所以唐一禾一直等着代掌门唐至霖的发问,而且准备好了回答——一个出其不意而又有迹可循的回答。
大师兄失踪前,房间里多了一些明显带有西域特色的物件,比如手工编织挂毯、香薰香料、羊脂玉石等,唐一禾原不在意,想着是与某西域商旅接触往来所购。后来大师兄突然失踪,唐一禾仔细去翻过大师兄的房间,依稀察觉出一个女子的存在。自古经部多情种,会不会就是那名女子将大师兄拐走了呢?
唐一禾先是故意拖延、暗中观察,然后在故作笃定、给出劲爆回答的同时,从代掌门唐至霖眼中看到了明显的不信、以及一闪而过的迟疑,他甚至跟器部阁主唐至雄快速对视了一眼,这让唐一禾更坚信了自己的判断,以及更坚定了扮猪吃虎的策略。
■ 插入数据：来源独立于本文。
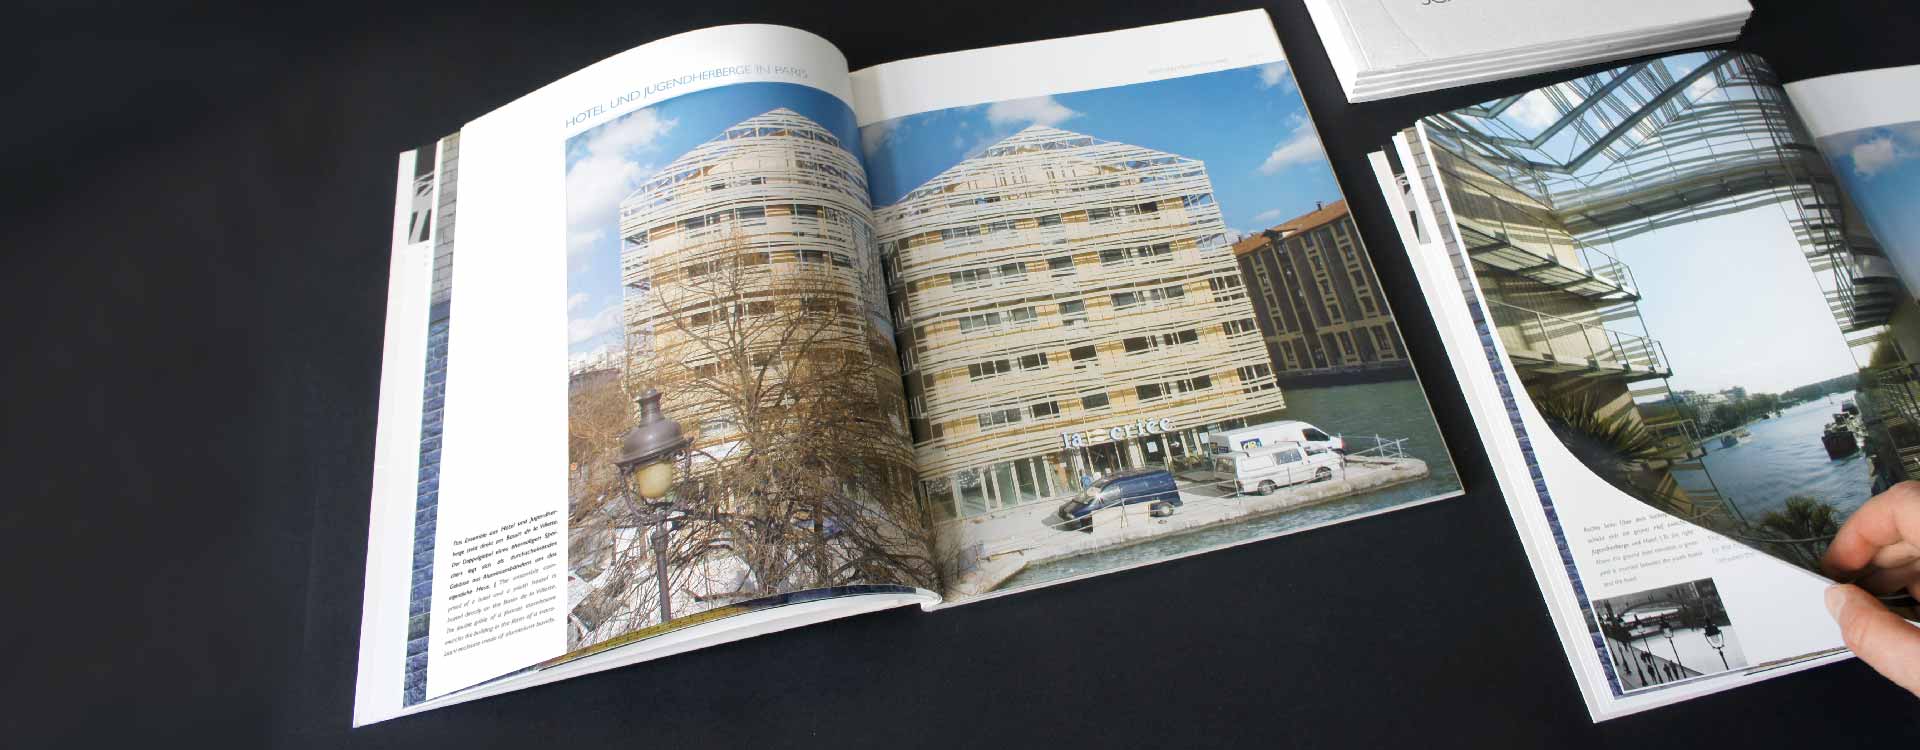 Inside pages of image brochure for JSWD Architekten, Köln; Design: Kattrin Richter | Graphic Design Studio

在唐门令的节点,经部阁主仙逝、大师兄缺席,唐一禾二人无疑会成为众矢之的。二人年岁太小,又无甚名头事迹,突然冒出来挡路,姑且不论有几分本事,一定是要被人当作眼中钉拔掉的。只是对付经部的人,从来不会明目张胆,万一落下什么把柄,被唐门老祖知道,后果不堪设想。
深谙这一点的唐一禾,刻意眼神涣散地吃吃喝喝,她与师弟已将气息敛得极紧,只要不是境界远在其上的,无法看透二人武功修为,只能看到两个拾掇得过份隆重的乡下人,一个埋头苦吃,一个呆若木鸡。
当唐一禾吃到第四个红糖粑粑时,代掌门唐至霖轻敲酒杯,示意众人安静:“现在有请长老院秀凤大长老,传达老祖号令。”
唐一禾转头,见到厅首不知什么时候立了一个身着青衣、满脸阴鸷的老者,刚想跟师弟交头接耳一句,发现整个空间都像被按下了静音器一样,这可是连代掌门说话都达不到的效果。
“选拔一共三场,明日第一场,凡唐门弟子,三十岁以下,不分内外门,上午经长老院长老考量后,持牌进入演武场。下午在演武场拿到玉牌者,为第一场胜出者。”秀凤大长老言简意赅,声音低哑,说完后也没有一个人发出疑问,虽然唐一禾很想问问规则细节,但在这位老者的威压下,她还是很识趣地保持缄默。
老者鹰隼般扫视了一圈大厅,视线扫过唐一禾身上时,她感觉压抑的气息都要鼓噪起来,只得强行散掉瞳距,不去跟这位老者对视。见大家都安静如鸡,老者也很满意,拍拍手:“散会吧。”
秀凤大长老的消失和他的出现一样突然,他的身影消失了半晌,才有人开始窃窃私语。
“你听明白了吗?”
“没有。难道你听明白了?”
“当然没有,那你咋不问呢?”
“你怎么不问?你怎么好意思问我怎么不问?你怎么不问你自己为什么不问?”
“这不是,不想下巴上多个窟窿嘛。”
“那你是想看我下巴上多个窟窿?”
“哎呀,别激动嘛,秀凤大长老谁敢惹,惹阎王还能等到三更死,惹‘大凤凰’就是立等死。”
……
唐一禾庆幸自己没有当那出头的鸟。
经部因为人数少,在唐家堡没有单独的山峰,只在主峰的半山腰上有一处小院,名叫揽翠阁,由长老院安排人打扫维护。唐门除了四部之外,在掌门之下还设有长老院,共有十名大长老,主要负责武艺考量、门规监察、以及纠纷调停等事务。大长老是由历任掌门亲自挑选委任,一旦任职终身聘用,不出意外的话,走一个才能补一个,所以部分大长老的资历,比现任掌门还要深厚。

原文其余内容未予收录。